Archive for the ‘women’s progress in US’ Tag

MY GRATITUDE DETOUR   7 comments

I have my personal gratitude list ready – well, in progress. I’m not sure it will ever come to an end. But listening to an interview with a woman at the Democratic convention yesterday, I was moved to celebrate the changes that I’ve seen in my lifetime relative to the position of women in the United States. So, here’s a list. (No doubt I’m off on time-line, and I’m open to other comments and corrections.)

First, not in my lifetime, but in my mother’s. She had already given birth to my big brother before she was allowed to vote.

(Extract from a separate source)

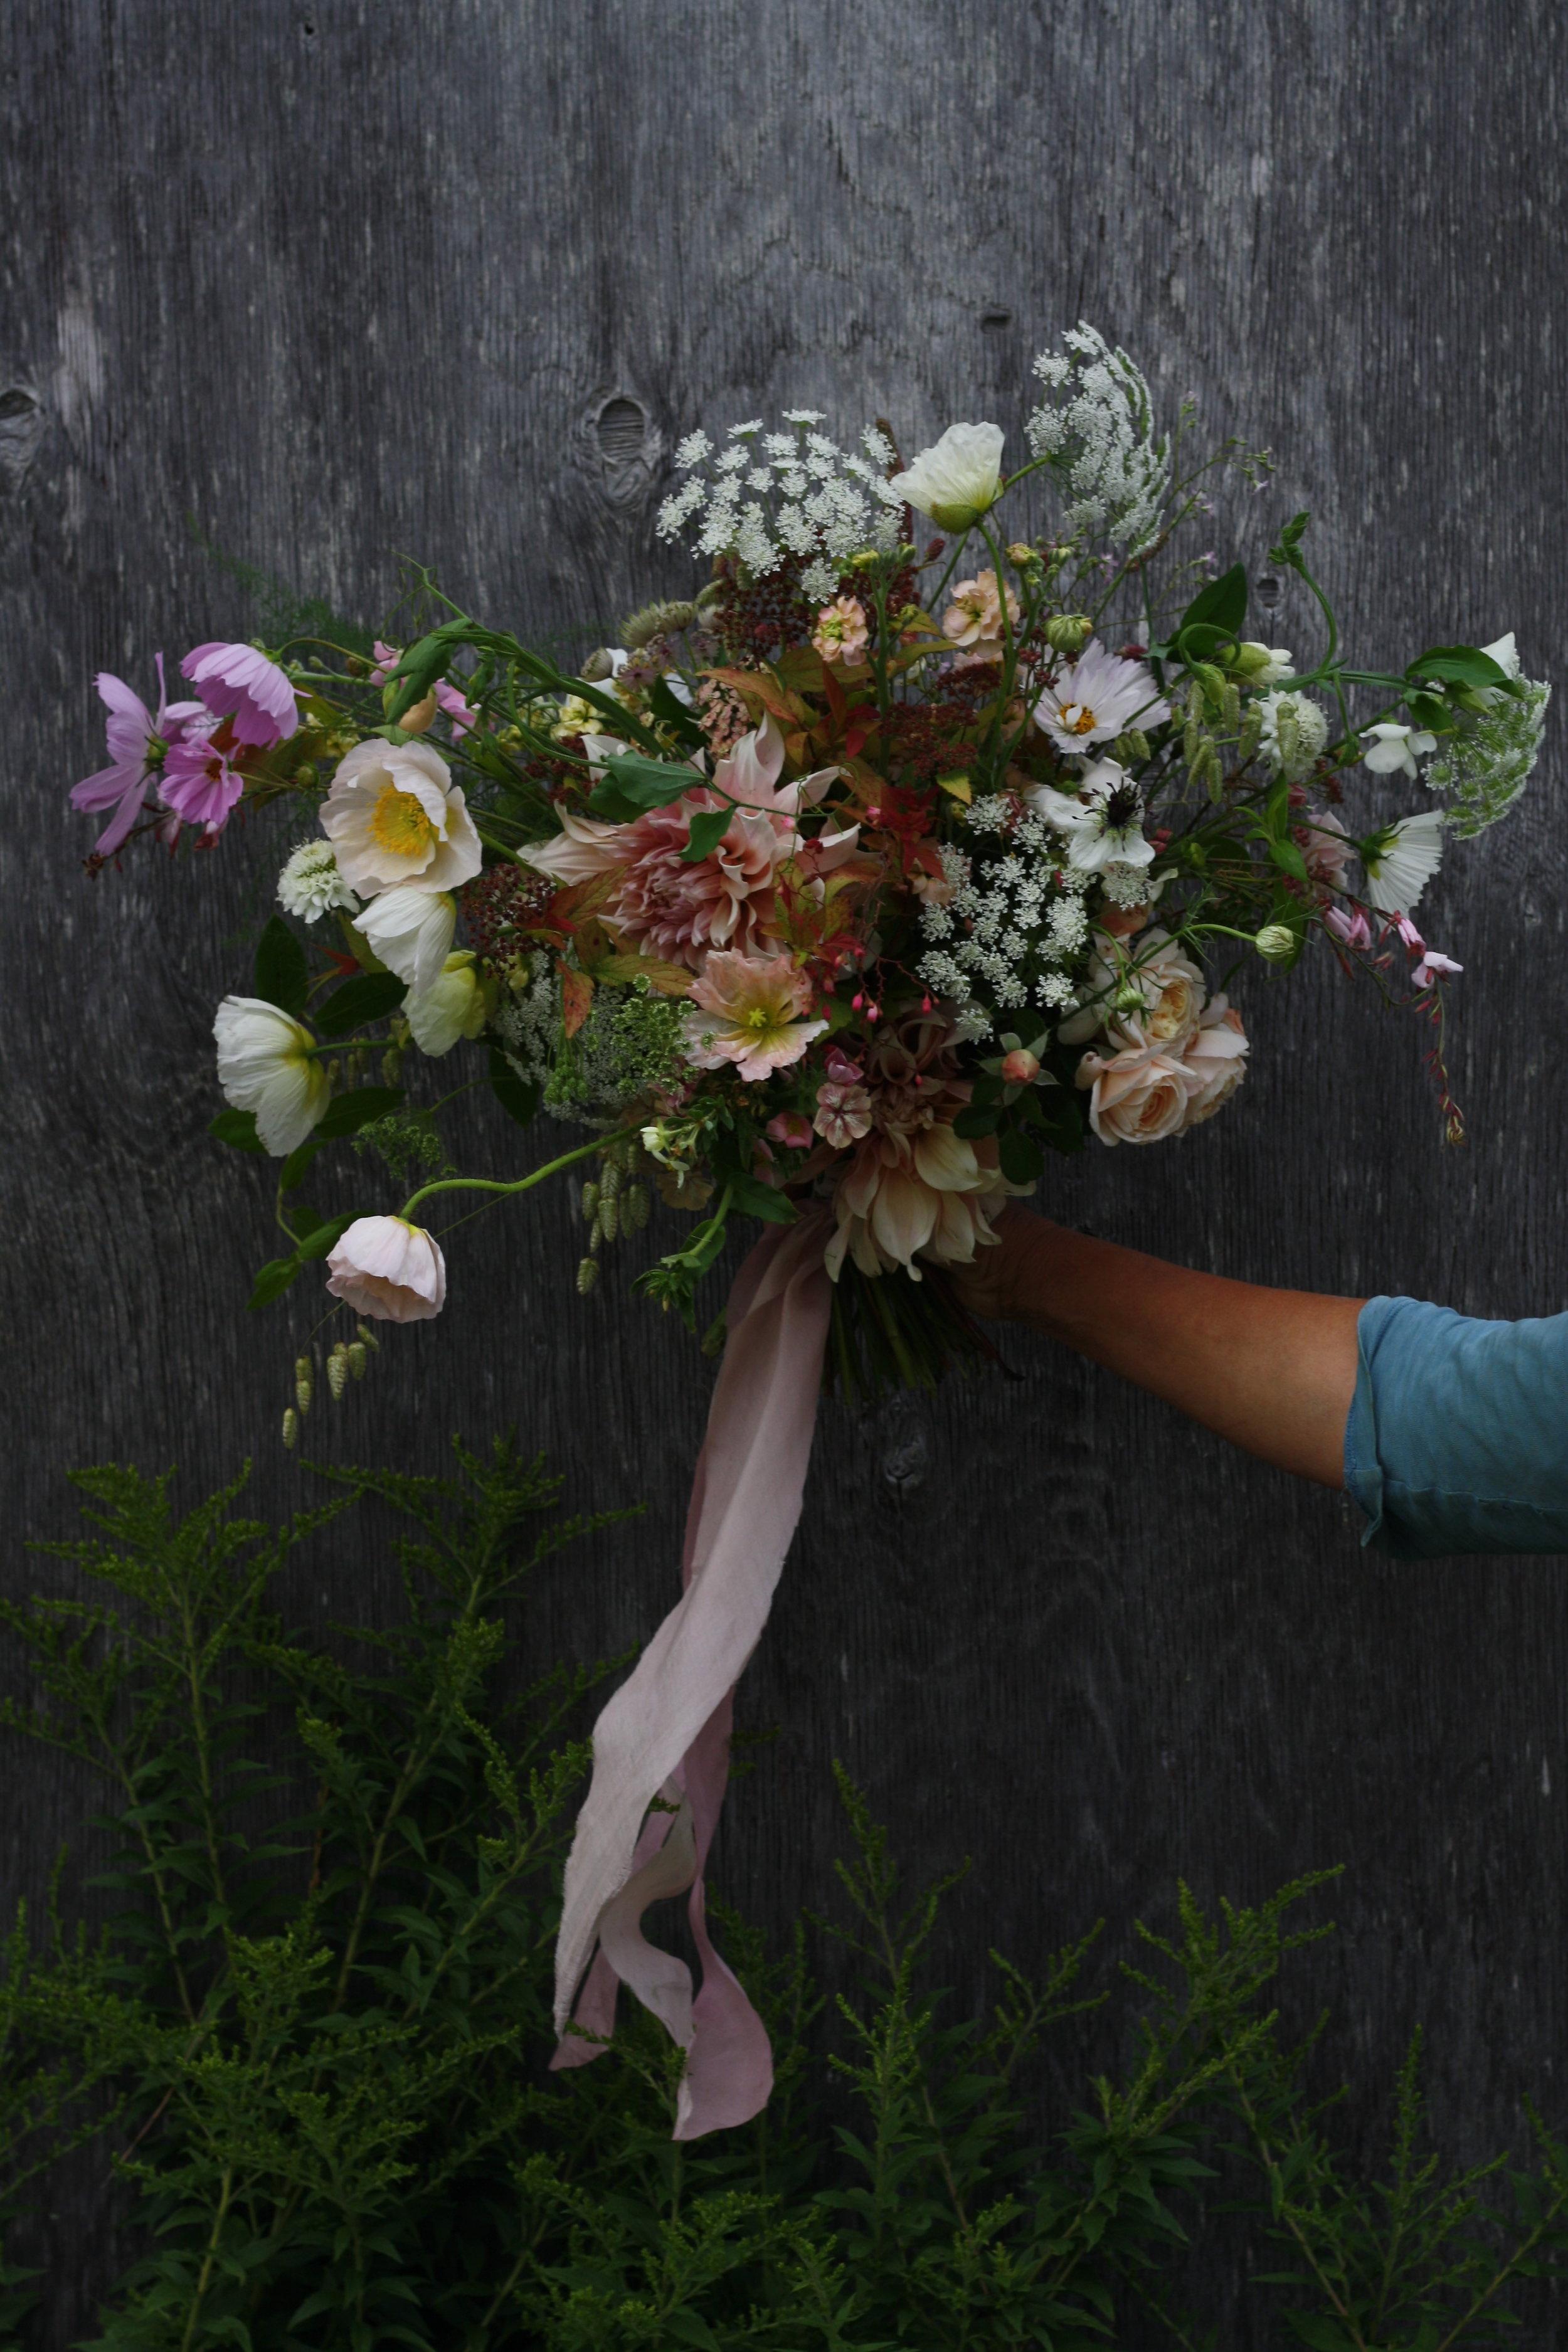 Bridal bouquet featuring, Colibri iceland poppy 'Bianco', David Austin garden rose 'Crocus' and Cafe Au Lait' dahlia.

  • When my daughter was 13 in the area of New Haven, Connecticut, she was ready to graduate from her Pediatrician to a “grown-up” doctor. She wanted a woman, but there were no women doctors available. Women were not allowed to do residencies at the hospitals there. In fact, I remember how excited some of my own women clients were when women physicians finally became available.
  • Mail carriers were called “Mailmen” because they were all men.
  • Firefighters were called “Firemen” because they were all men.
  • Police officers were called “Policemen” because they were all men.
  • Lawyers were men. The fear was that women entering the profession would reduce the incomes. I think maybe that was proved true. (Se 58% below)
  • Accountants were men. See above.
  • Nurses were women. Some longed for men to enter the profession to raise incomes. (see 58% below.) I believe that has happened. Some will tell you the profession has changed.
  • Bank tellers were all men, unless they were women training the men for higher positons.
  • One of our SCSU graduates (more than one, I’m sure) had to leave her job as a teacher when her pregnancy began to show.
  • Women newspaper reporters were pretty much confined to the “Women’s Pages.”
  • When I had just received my PhD, I was interviewed for the New Haven Register because I was president of our local Lutheran Church Women. They published a photo of me with something I had cooked. Though I was proud enough of my academic accomplishment to mention it more than once, that fact was not included in the description of my important activities.
  • I believe there were no women TV anchors. If there were, they were so rare that I didn’t see them. Why? Women’s voices were “too weak—wouldn’t represent authenticity and power.”
  • Women radio reporters were extremely rare, if any. Why? See above.
  • Women foreign correspondents were next to none, if any. Why? See above, and below.
  • Then there was Ella Grasso who served as the 83rd Governor of Connecticut from 1975 to 1980. She was the first woman to be elected governor of a U.S. state without having been married to a former governor. Letters to the editor during her campaign were filled with fears that she would be irrational during that “certain time of the month,” or permanently disabled if and when she was menopausal.
  • Women generally could not own property in their own names. When I became single after 20 years of marriage and went looking to buy a house, the gentleman agent took me to a few highly undesirable places, telling me I couldn’t expect much more as an unmarried woman. I changed real estate agents.
  • Most libraries at the time wouldn’t give a married woman a card in her own name, requiring her to have one in her husband’s name.
  • When my marriage ended in 1976, most businesses were willing to give me a credit card in my own name since I was now single, but J.C. Penney refused. I haven’t done much shopping there since.
  • Women’s income was 58% of men’s.
  • There were some interesting side effects as businesses and government acted to bring about some balance. When I was first employed at SCSU there was an imbalance in favor of women who could retire at age 50, while men had to wait until they were 55. Balance was finally achieved when the retirement age for women was raised to 55.
  • And there was the decision by the Southern New England Telephone Company to open all jobs to both men and women. Only a few women immediately applied for the higher-paying pole-climbing jobs, but many were the folks who were surprised to hear a man’s voice saying, “Operator.” (That’s the old days with old fashioned phone service in case you don’t remember.)
  • While office managers struggled to remember that middle-aged women were not “girls,” cigarette makers opined, “You’ve come a long way baby.”
  • I suspect and hope there will be additions in the comments on this posting – as well as corrections.
  • One almost final note: When I had completed everything toward my Ph.D. at Boston University and was working on my dissertation, I moved back to Connecticut with my new husband. One of my professors gave me a letter of introduction to a researcher at Yale. I was granted an interview. Not having heard back from him for a while, I called to inquire and was told the Secretary’s job had been filled.
  • One final note. I wasn’t aware that there was anything wrong with many of these factoids. The fish is the last one to notice she’s swimming in water.
  • The hook in the mouth once one gets to see the water may be painful, but certainly the changes that have been made for women over the span of a few decades are causes for gratitude.
  • p.s. I’m grateful for amazon.com who got a new charger to me by overnight delivery.